VEGF, HIF-1α expression and MVD as an angiogenic network in familial breast cancer

Abstract

Angiogenesis, which plays an important role in tumor growth and progression of breast cancer, is regulated by a balance between pro- and anti-angiogenic factors. Expression of vascular endothelial growth factor (VEGF) is up-regulated during hypoxia by hypoxia-inducible factor-1α (HIF-1α). It is known that there is an interaction between HIF-1α and BRCA1 carrier cancers, but little has been reported about angiogenesis in BRCA1-2 carrier and BRCAX breast cancers. In this study, we investigated the expression of VEGF and HIF-1α and microvessel density (MVD) in 26 BRCA1-2 carriers and 58 BRCAX compared to 77 sporadic breast cancers, by immunohistochemistry. VEGF expression in BRCA1-2 carriers was higher than in BRCAX cancer tissues (p = 0.0001). Furthermore, VEGF expression was higher in both BRCA1-2 carriers and BRCAX than the sporadic group (p<0.0001). VEGF immunoreactivity was correlated with poor tumor grade (p = 0.0074), hormone receptors negativity (p = 0.0206, p = 0.0002 respectively), and MIB-1-labeling index (p = 0.0044) in familial cancers (BRCA1-2 and BRCAX). The percentage of nuclear HIF-1α expression was higher in the BRCA1-2 carriers than in BRCAX cancers (p<0.05), and in all familial than in sporadic tumor tissues (p = 0.0045). A higher MVD was observed in BRCA1-2 carrier than in BRCAX and sporadic cancer tissues (p = 0.002, p = 0.0001 respectively), and in all familial tumors than in sporadic tumors (p = 0.01). MVD was positively related to HIF-1α expression in BRCA1-2 carriers (r = 0.521, p = 0.006), and, in particular, we observed a highly significant correlation in the familial group (r = 0.421, p<0.0001). Our findings suggest that angiogenesis plays a crucial role in BRCA1-2 carrier breast cancers. Prospective studies in larger BRCA1-2 carrier series are needed to improve the best therapeutic strategies for this subgroup of breast cancer patients.
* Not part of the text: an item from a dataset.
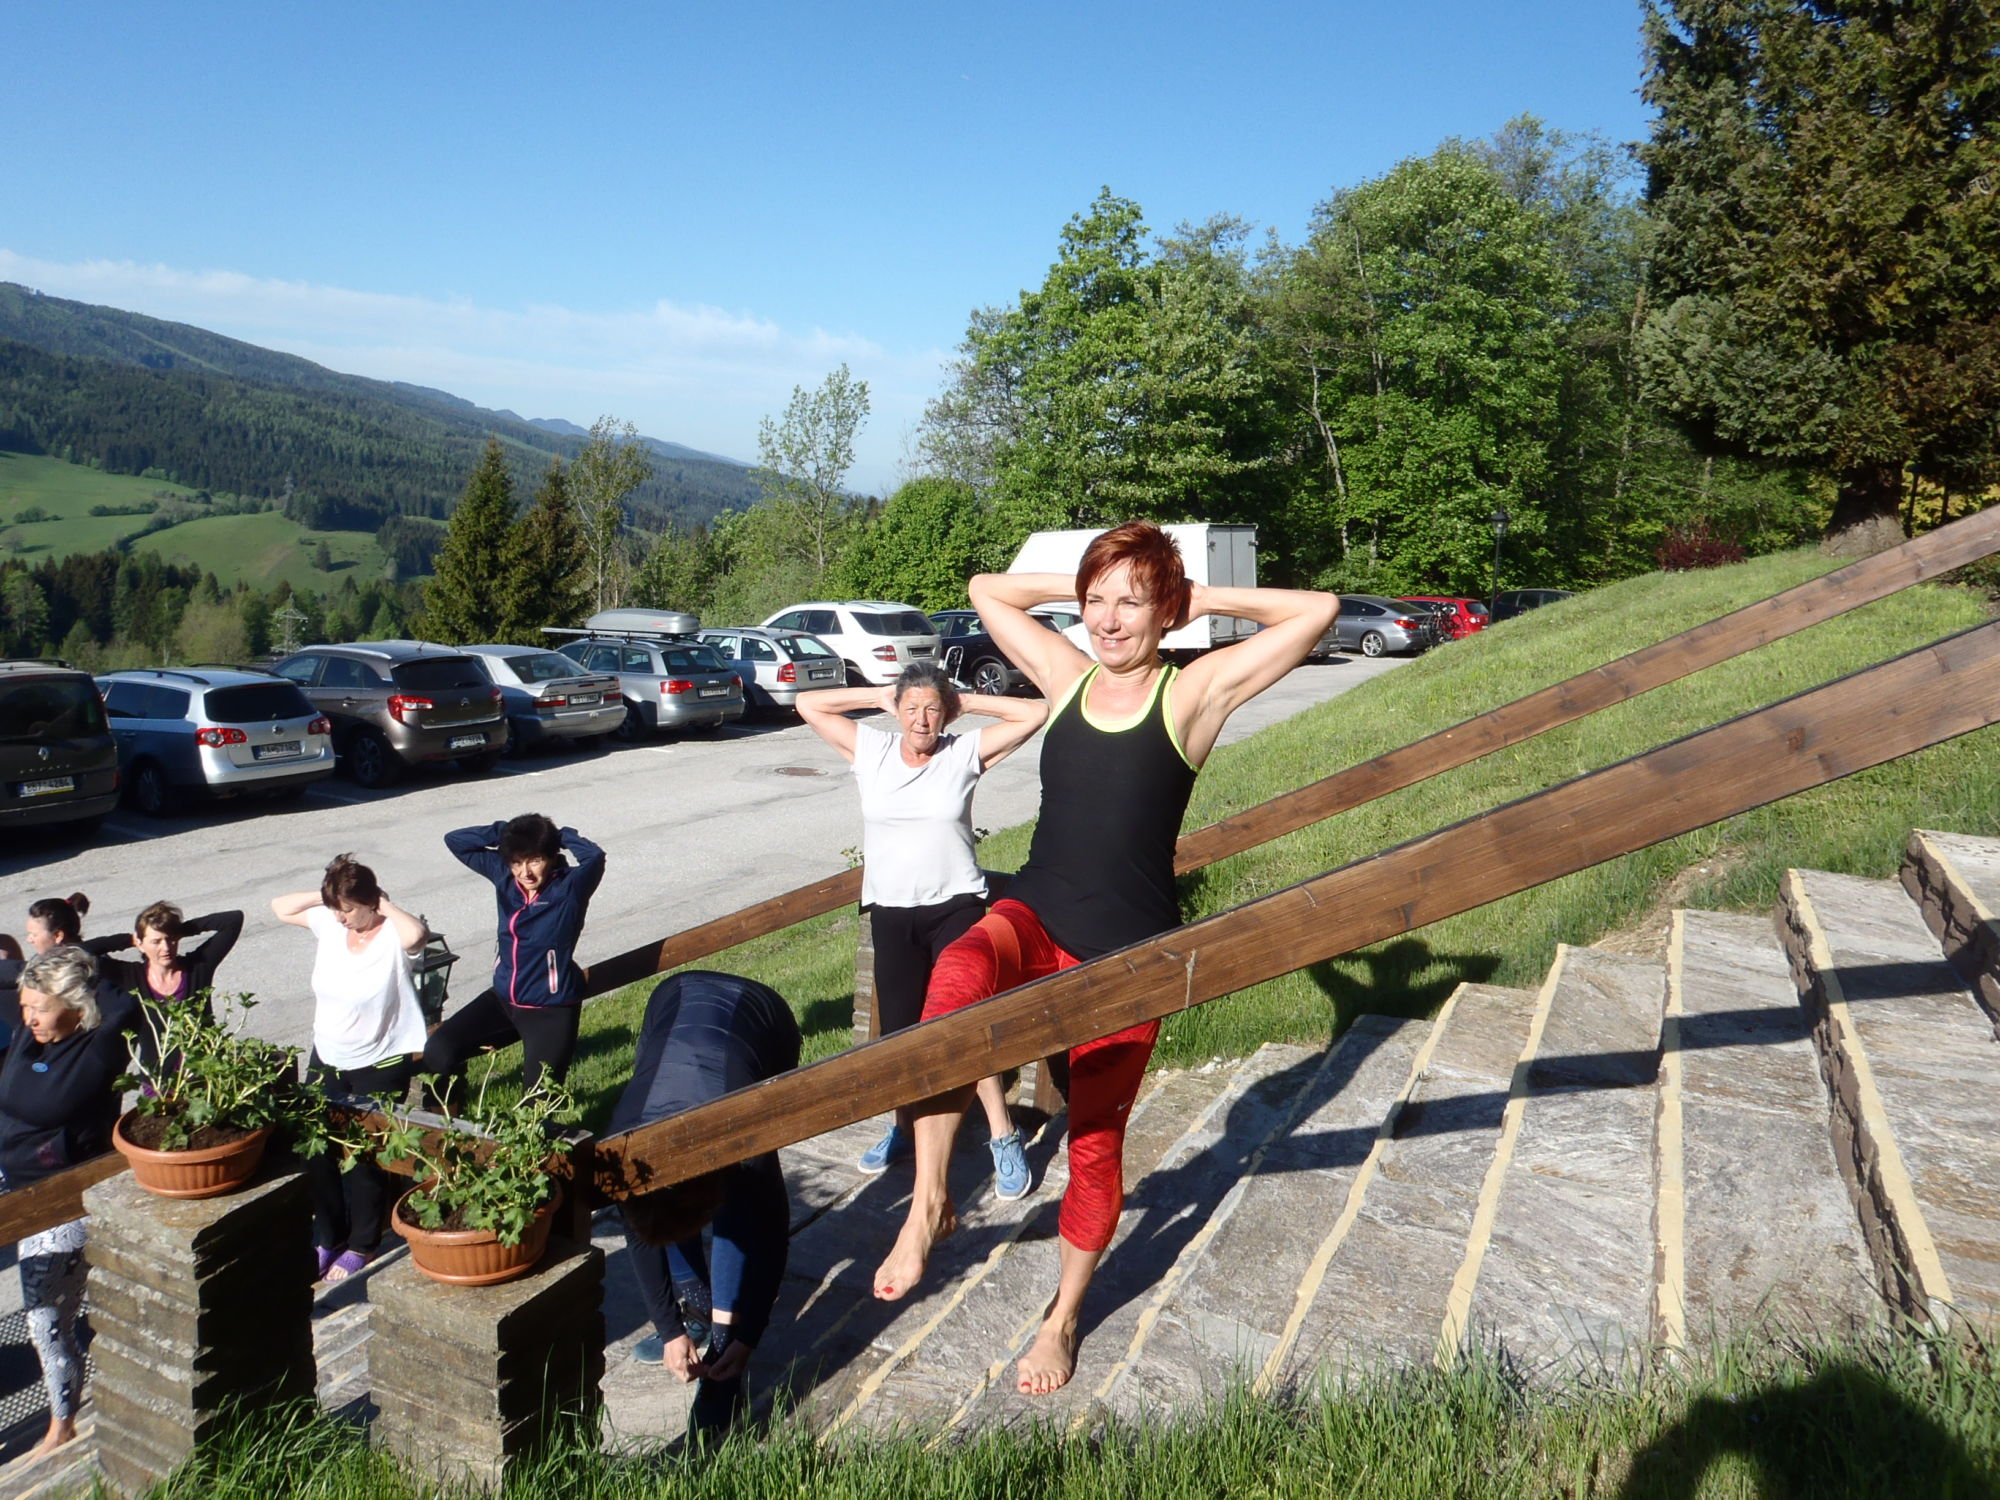 alpenhof-rekondicni-pobyt-fitpainfree-cvicebni-metoda-pomoc-bolest-zada-kycle-kolena-ramena-hanatoufarova-cvicenibrno

Figure 1. Cytoplasmic immunoreactivity of VEGF in representative tissue samples of breast cancer.

(A) and (B) show VEGF overexpression in BRCA1-2 carrier and BRCAX breast cancers respectively; (C) shows low expression of VEGF in sporadic breast cancers.

Figure 2. VEGF protein expression detected in different breast cancer groups.

(A) VEGF expression was significantly higher in BRCA1-2 carriers than in BRCAX and sporadic group; further, VEGF expression was significantly higher in BRCAX than in sporadic cancers; (B) VEGF expression was more intensive in all familial than in sporadic cancers. *** = p≤0.0001.

Figure 3. Nuclear immunoreactivity of HIF-1α in representative tissue samples of breast cancer.

(A) and (B) show nuclear HIF-1α overexpression in BRCA1-2 carrier and BRCAX breast cancers respectively; (C) shows low nuclear HIF-1α expression in sporadic breast cancers.

Figure 4. HIF-1α protein expression detected in different breast cancer groups.

(A) Nuclear HIF-1α expression was significantly higher in BRCA1-2 carriers than in BRCAX and sporadic group; (B) Nuclear HIF-1α expression was more intensive in all familial than in sporadic cancers. * = p<0.05; ** = p<0.01; *** = p≤0.0001.

Figure 5. Microvessel density in representative tissue samples of breast cancer.

(A) and (B) show high MVD in BRCA1-2 carrier and BRCAX breast cancers respectively; (C) shows low MVD in sporadic breast cancers.

Figure 6. Microvessel density detected in different breast cancer groups.

(A) MVD was significantly higher in BRCA1-2 carriers than in BRCAX and sporadic group; (B) MVD was more intensive in all familial than in sporadic cancers. * = p<0.05; ** = p<0.01; *** = p≤0.0001.